Ну, а остальных будут судить люди и собственная совесть, у кого она есть. Они (по крайней мере, те, кого показали) уже поняли, что воспользовались гнусным средством, а теперь есть шанс догадаться, что и цель никуда не годилась. Но даже если их казнят, они, конечно, легко отделались по сравнению с друидом.
Не надо было. И спекулировать на именах погибших воинов, даже не поинтересовавшись, что они сами думают на этот счет - тоже не надо было.
У остальных шанс переосмыслить свои ошибки есть. Поэтому тени им, можно сказать, только мягко советовали.
Вообще-то, Морриган кое-что говорила Карломану о будущей судьбе заговорщиков.
Да, это не тот случай, когда цель оправдывает средство. Скорее наоборот, здесь средство надругалось над целью. К тому же у друида цель была вовсе не благополучии народа Арморики, а в желании вернуть былую власть - как, впрочем, и у верховного друида. Однако считать сторонников партии меча предателями я бы не стала. Друид-отступник, да, его можно отнести к этой малопочтенной категории, но не тех, кто пытался сделать Арморику независимым государством. В данной ситуации их можно обвинить в неумении оценивать политическую обстановку, соотношение сил, нежелание думать о неизбежных последствиях, безусловно, тяжёлых. Их даже в безумии можно обвинить, но не в предательстве. Потому что, с какой стороны не посмотри, Арморика государство вассальное по отношению к Арвернии. И в Дурокортере немало людей, готовых расправится с непокорным вассалом. Начиная с короля, и не говоря уж о его матушке и таких как Ги Верденнский и орден данариев. Тут всё не так просто и не так однозначно. Сколько времени старцы в Чаор-на-Ри решали, как быть с вестями о беспорядках в столице? Разве это равноправные отношения? Это отношения вассала и сюзерена. А сюзерен мечтает о Священном походе и войне с альвами. Как мило! А людей, которые погибнут при этом, можно не считать.
Они тоже согласились, что ради восстания необходимо погубить Карломана с помощью колдовства. Пусть не по своему замыслу, пусть все придумал друид-отступник, но они были с ним. Если бы их замысел удался, это было бы уже настоящее предательство.
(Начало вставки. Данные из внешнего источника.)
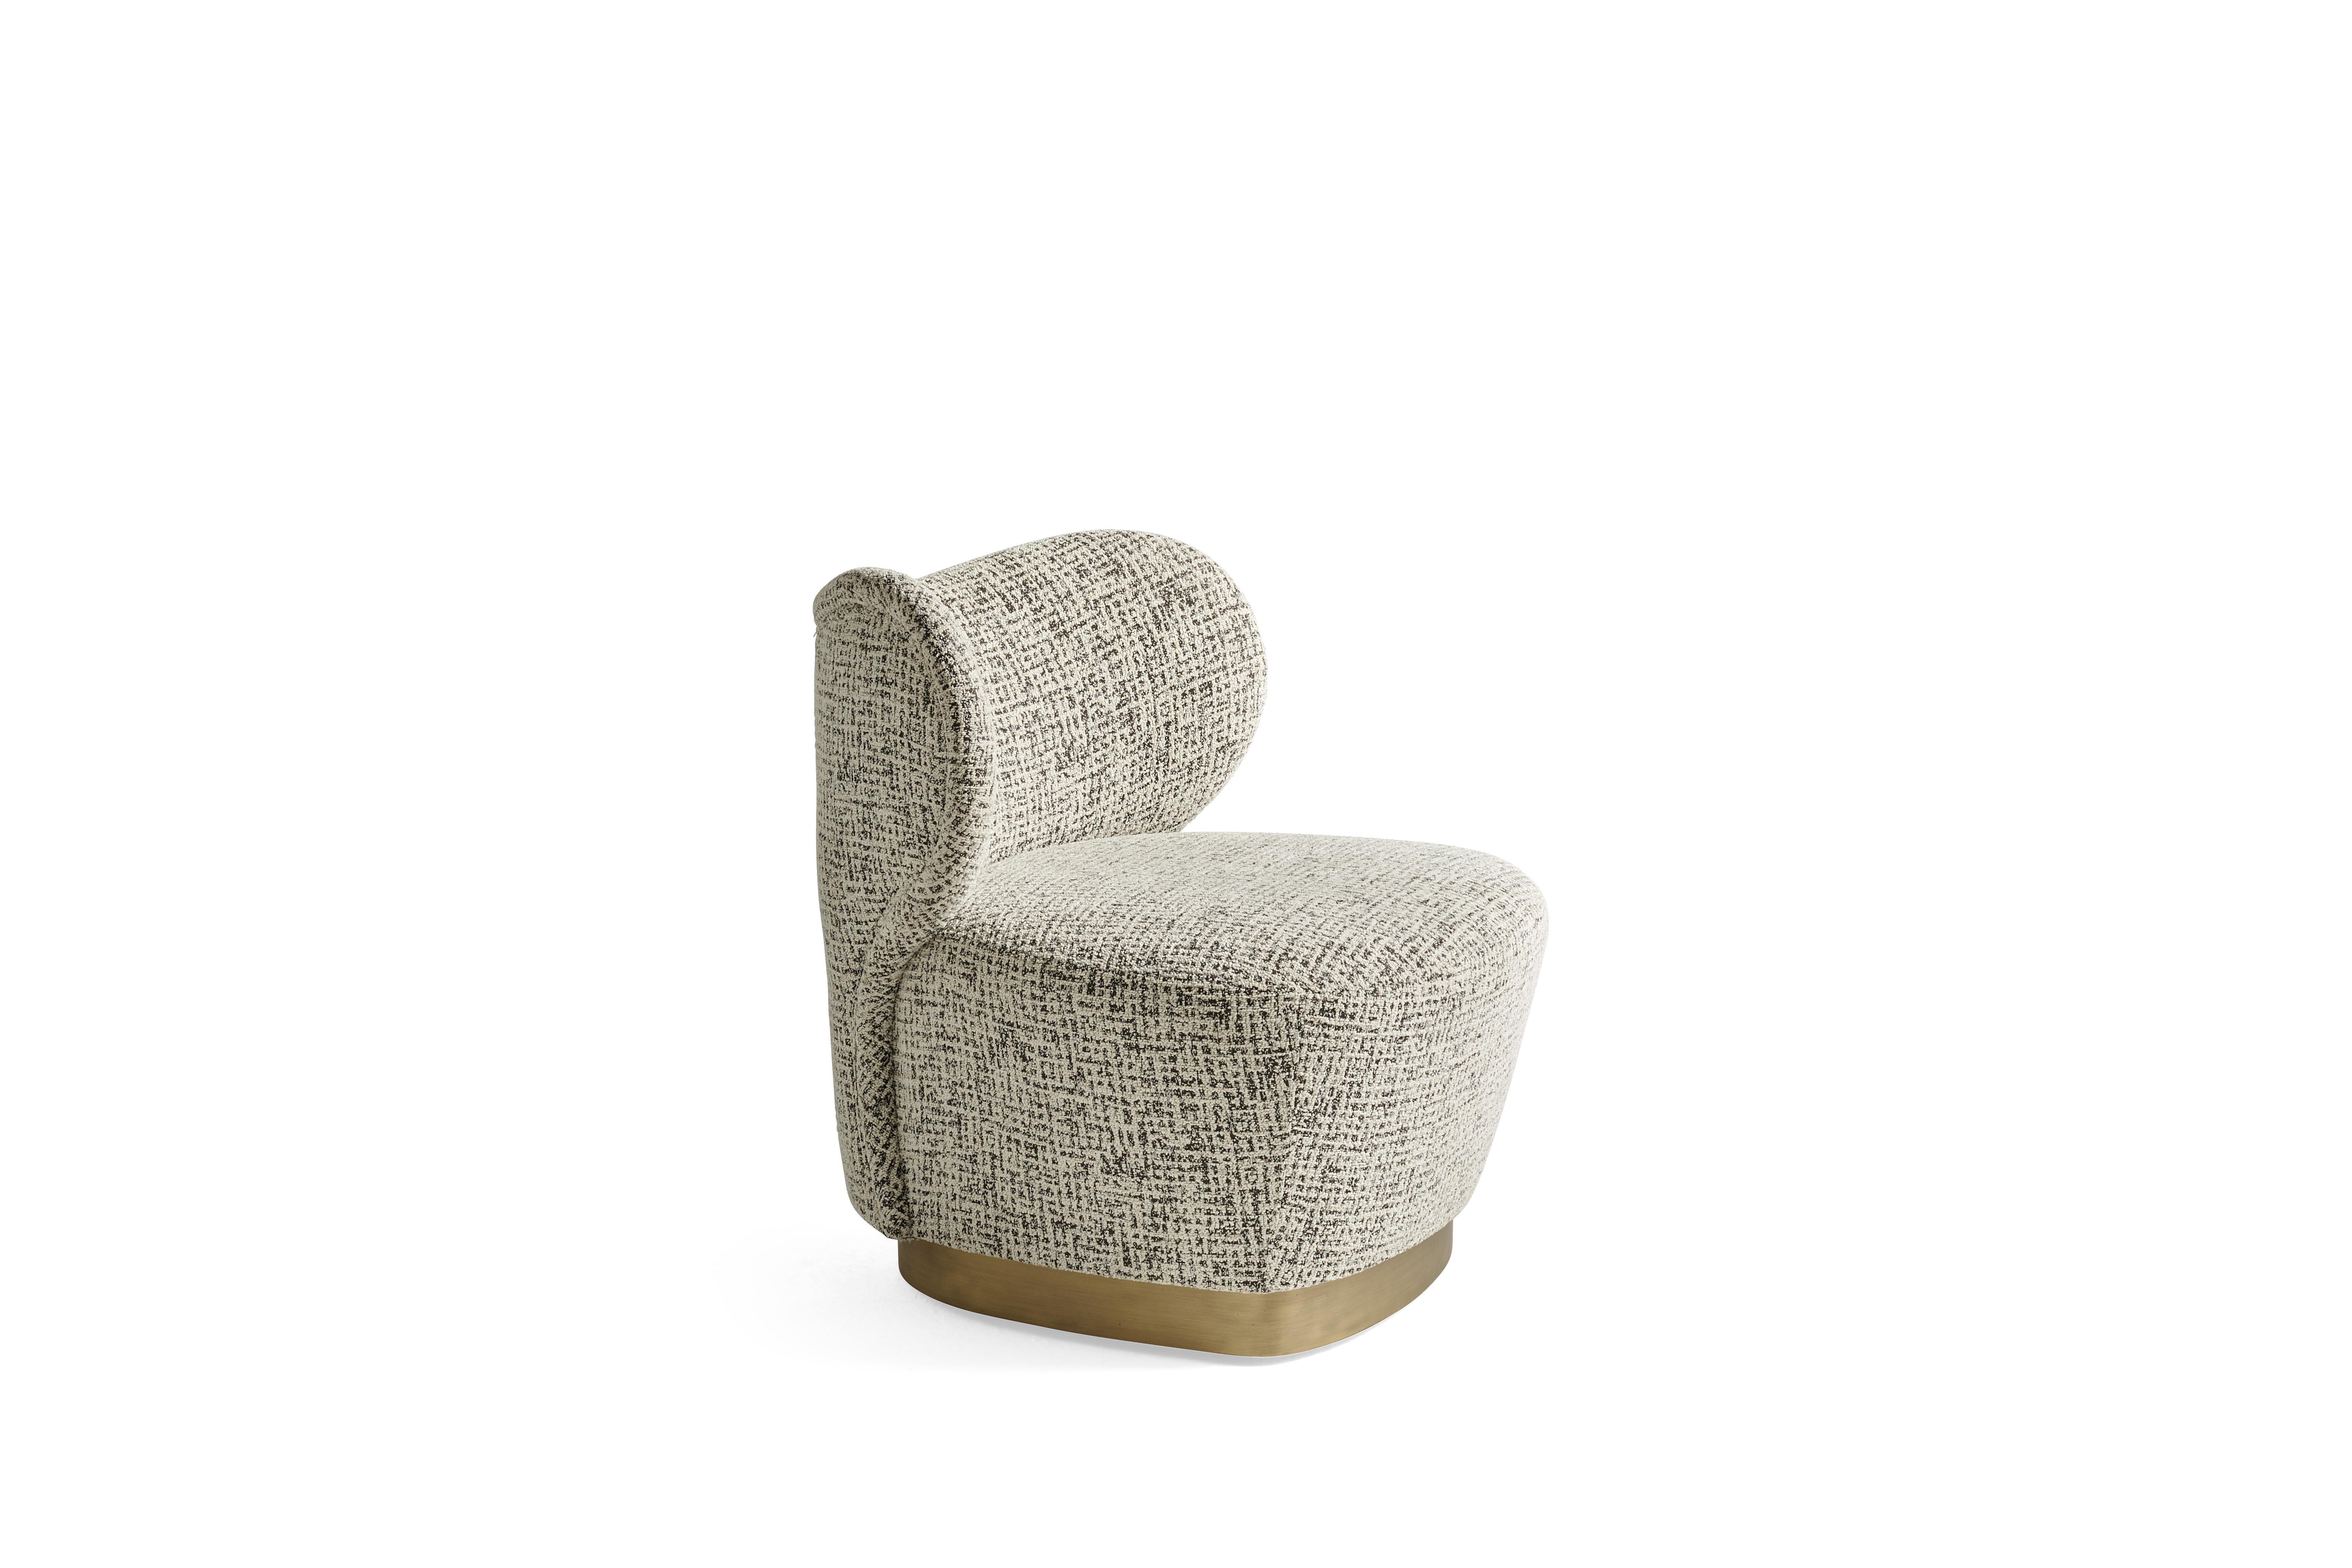 Retro taste and soft and rounded shapes for the Marvila armchair. The refined elegance and compact proportions are enhanced by the base with bronzed finishing, a detail that gives the whole a sophisticated decorative appeal.
Marvila armchair with

А так - да: ситуация неоднозначна, и "детей богини Дану", стремящихся к независимости, можно понять. Не меньше, чем, например, сварожан, стремившихся сбросить власть Орды. Только у них тут, условно говоря, своего Журавлиного Поля осуществить не получается, и приходится до сих пор действовать дипломатическими методами, как Святослав Храбрый. Впрочем, в культурном и социальном отношении Арверния и Арморика все-таки друг другу ближе, чем Сварожьи Земли и чжалаирская Орда. Но это - плод тесного сотрудничества последних нескольких поколений, а восстание грозило бы все нарушить.
А что у нас получается не настолько уж все просто, и каждую сторону, даже если она действует глупо, можно в то же время понять (даже не хваля ее) - это авторы могут зачесть себе в плюс.
Согласна. К партии меча у меня особых претензий нет, их раздражения на придурка в короне вполне понятно. Но если все умные люди говорят, что восстание лишь захлебнётся в крови - так, наверное, не без оснований. А без толку поубивать людей - это не та цель, к которой стоит стремиться.
Вот заговорщики - дело другое. Ведь не силой их в заговор втянули, и не заколдовали - сами пошли. Доделывать именно то, за что люди и разъярились на арвернов.
Шансов победить арвернских рыцарей и воинские братства в открытом противостоянии у них не много было, если были вообще.
Сами, конечно. Поверили в то, во что им легче всего было верить.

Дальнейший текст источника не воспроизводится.